In CmdStan, we only have to translate the Stan program to a C++ class. The sampler and command-line tools are compiled in separate translation units and then linked. The linking does need to happen, though, so that takes a bit of time.

Do you know if BridgeStan and CmdStanPy compile at the same optimization level? I hope CmdStanPy isn't default to O = 0, as that would be very slow. @mitzimorris should know.

@WardBrian
Copy link
Collaborator

I wonder if it’s slower to compile position independent code? It’s also possible some of the precompiled header logic in CmdStan didn’t make it into our makefile, though that stuff is very brittle in my experience

@aseyboldt
Copy link
Contributor Author

I don't think the difference is due to caching, just to make sure I gave it slightly different models, and that didn't change the timings. I'm also seeing the pretty consistently in by benchmarks with posteriordb.

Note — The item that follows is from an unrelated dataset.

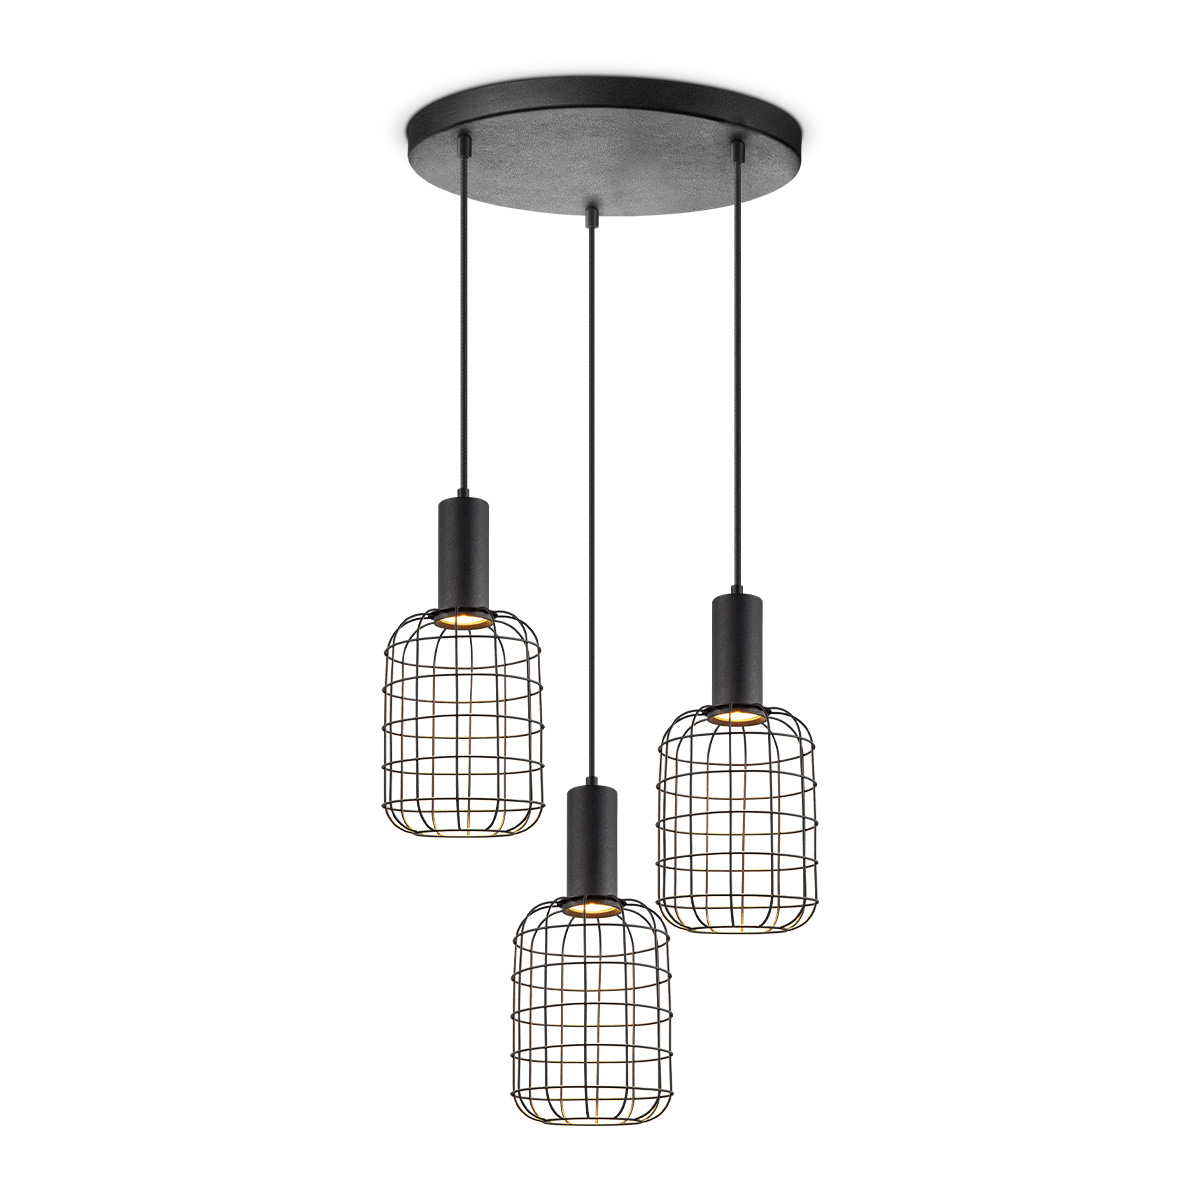 Tangla lighting - TLP7649-03BBK - LED pendant lamp 3 lights - round metal decorative lighting - industrial netting series
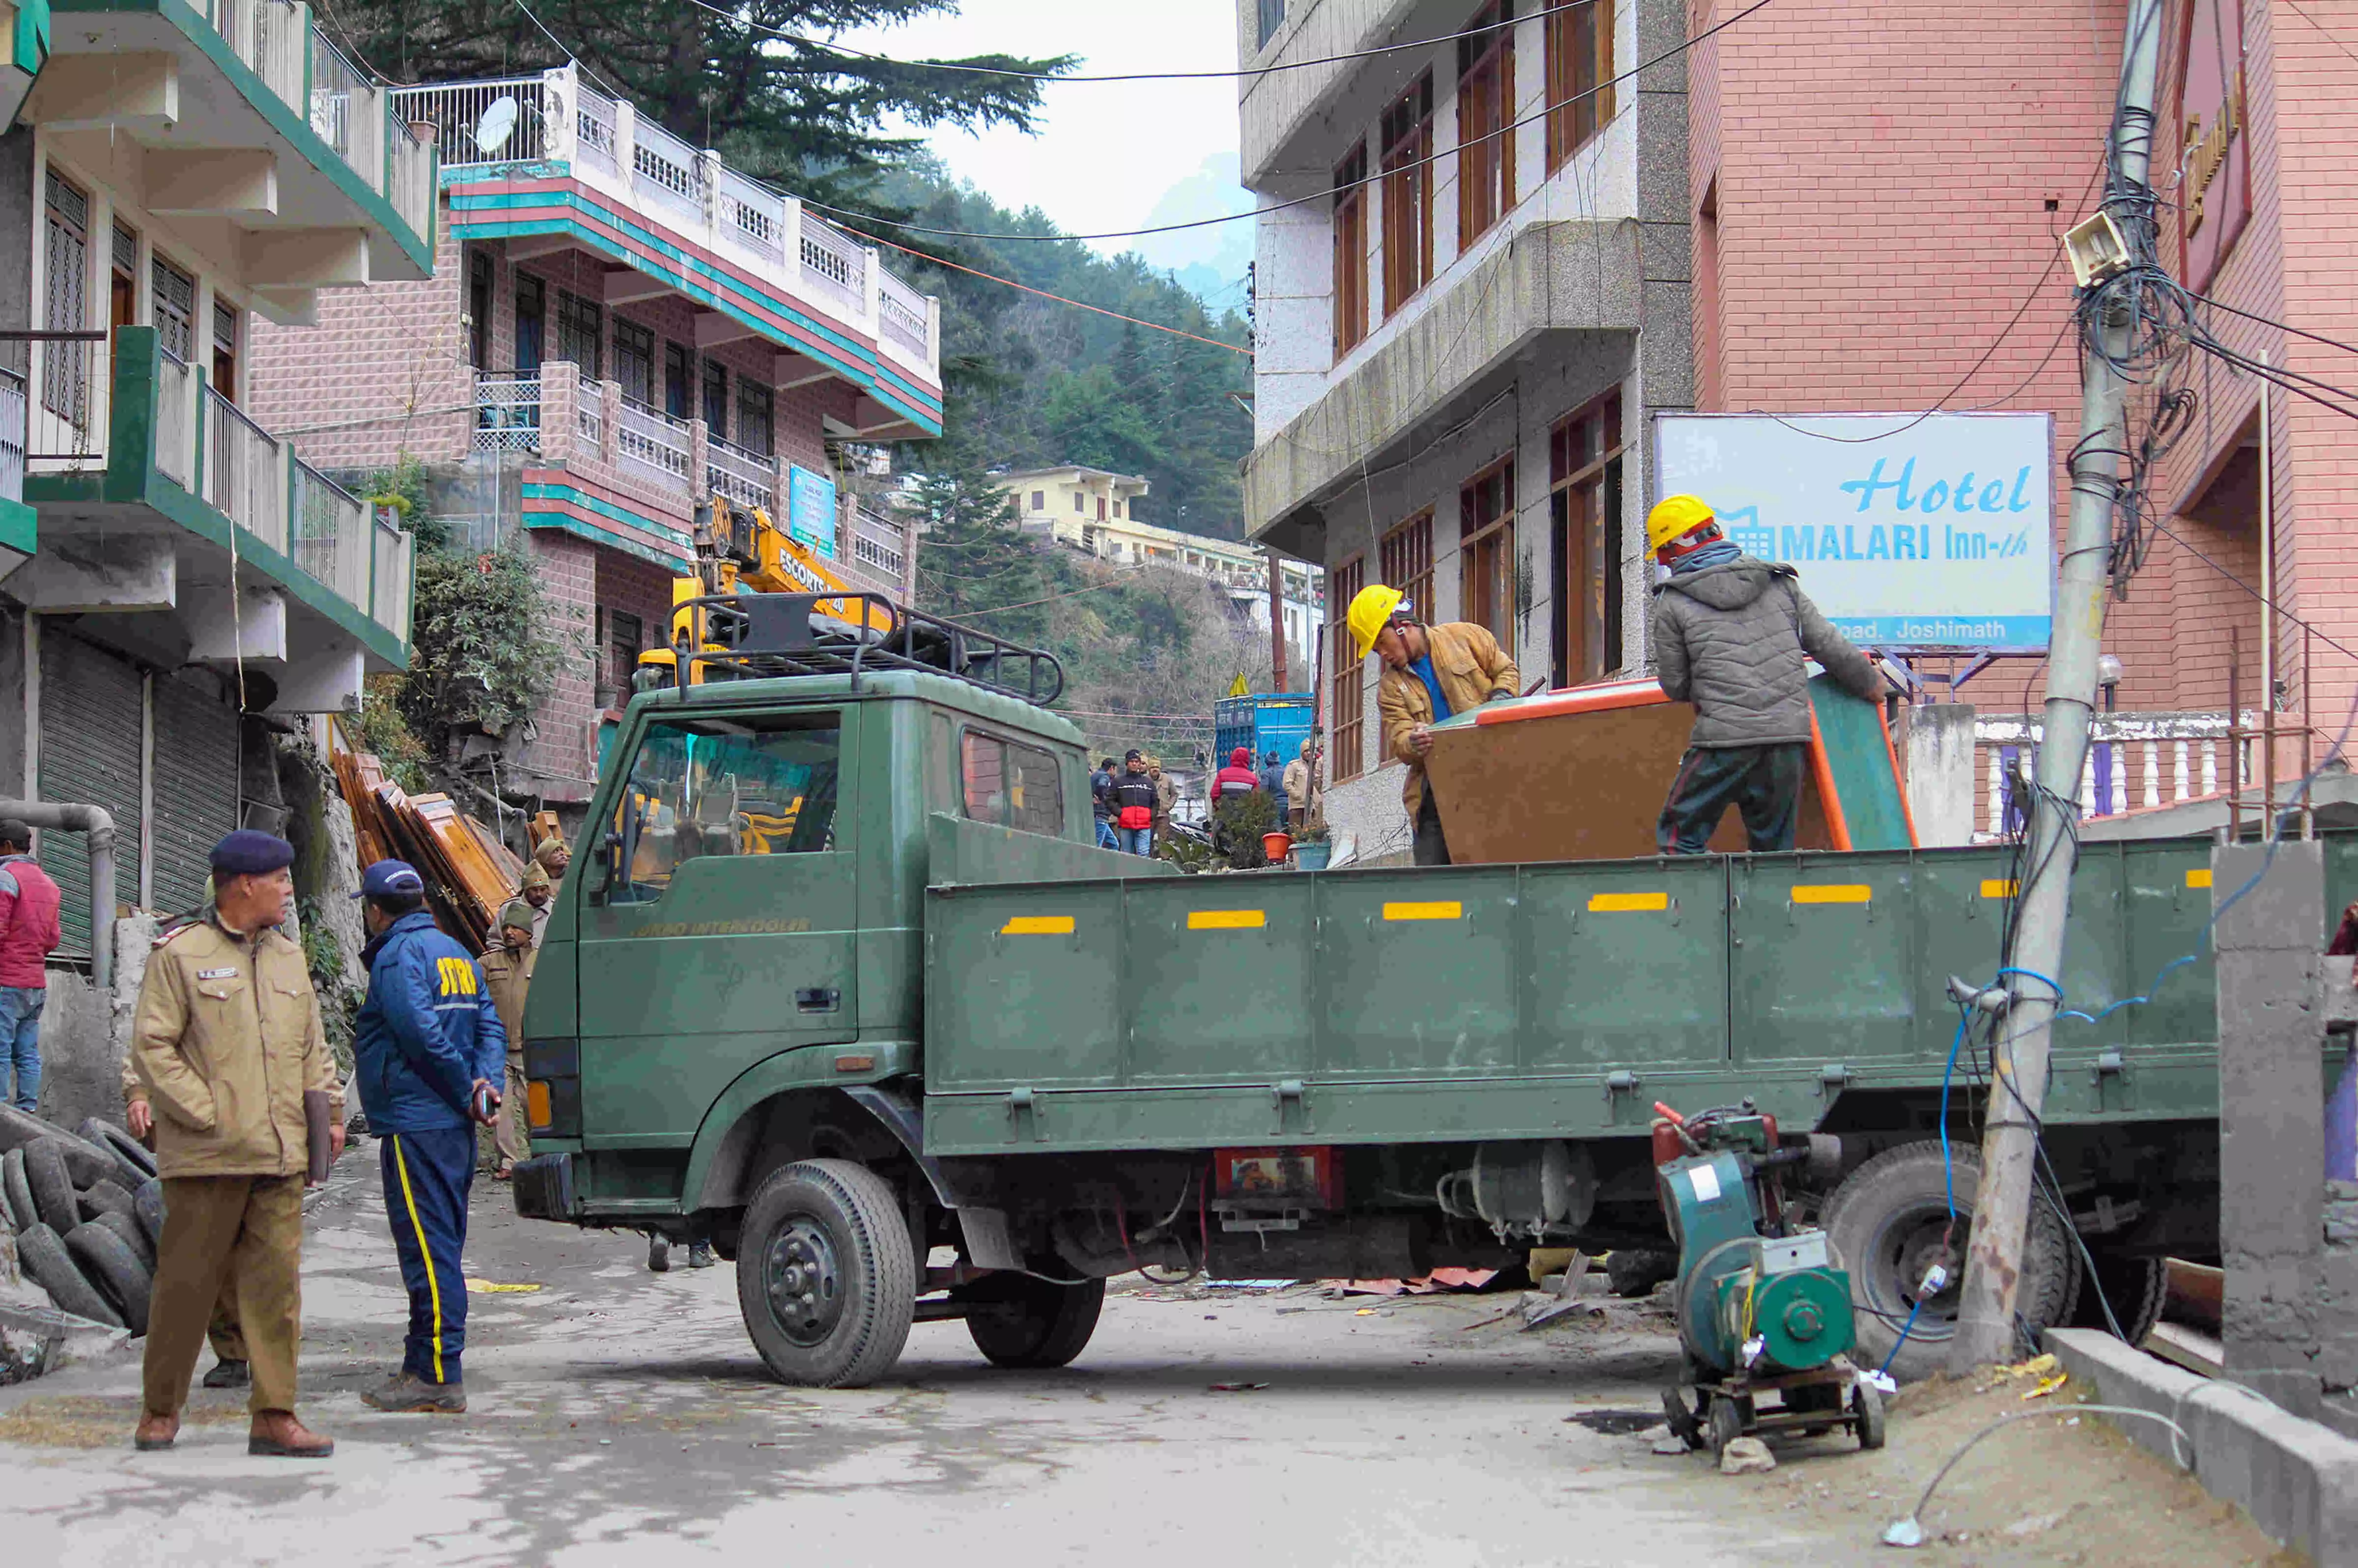 Badrinath head priest urges authorities to halt works affecting Joshimath, Himalayan region

In CmdStan, we only have to translate the Stan program to a C++ class. The sampler and command-line tools are compiled in separate translation units and then linked. The linking does need to happen, though, so that takes a bit of time.

Ah, that does make sense. Still doesn't explain the difference I think though...

Do you know if BridgeStan and CmdStanPy compile at the same optimization level? I hope CmdStanPy isn't default to O = 0, as that would be very slow. @mitzimorris should know.

I don't see a big difference in time for a gradient evaluation between bridgestan and cmdstan, so I don't think that's it either. A small difference might be lost in all the other things that differ, but I'm pretty sure something like O0 would be very noticeable.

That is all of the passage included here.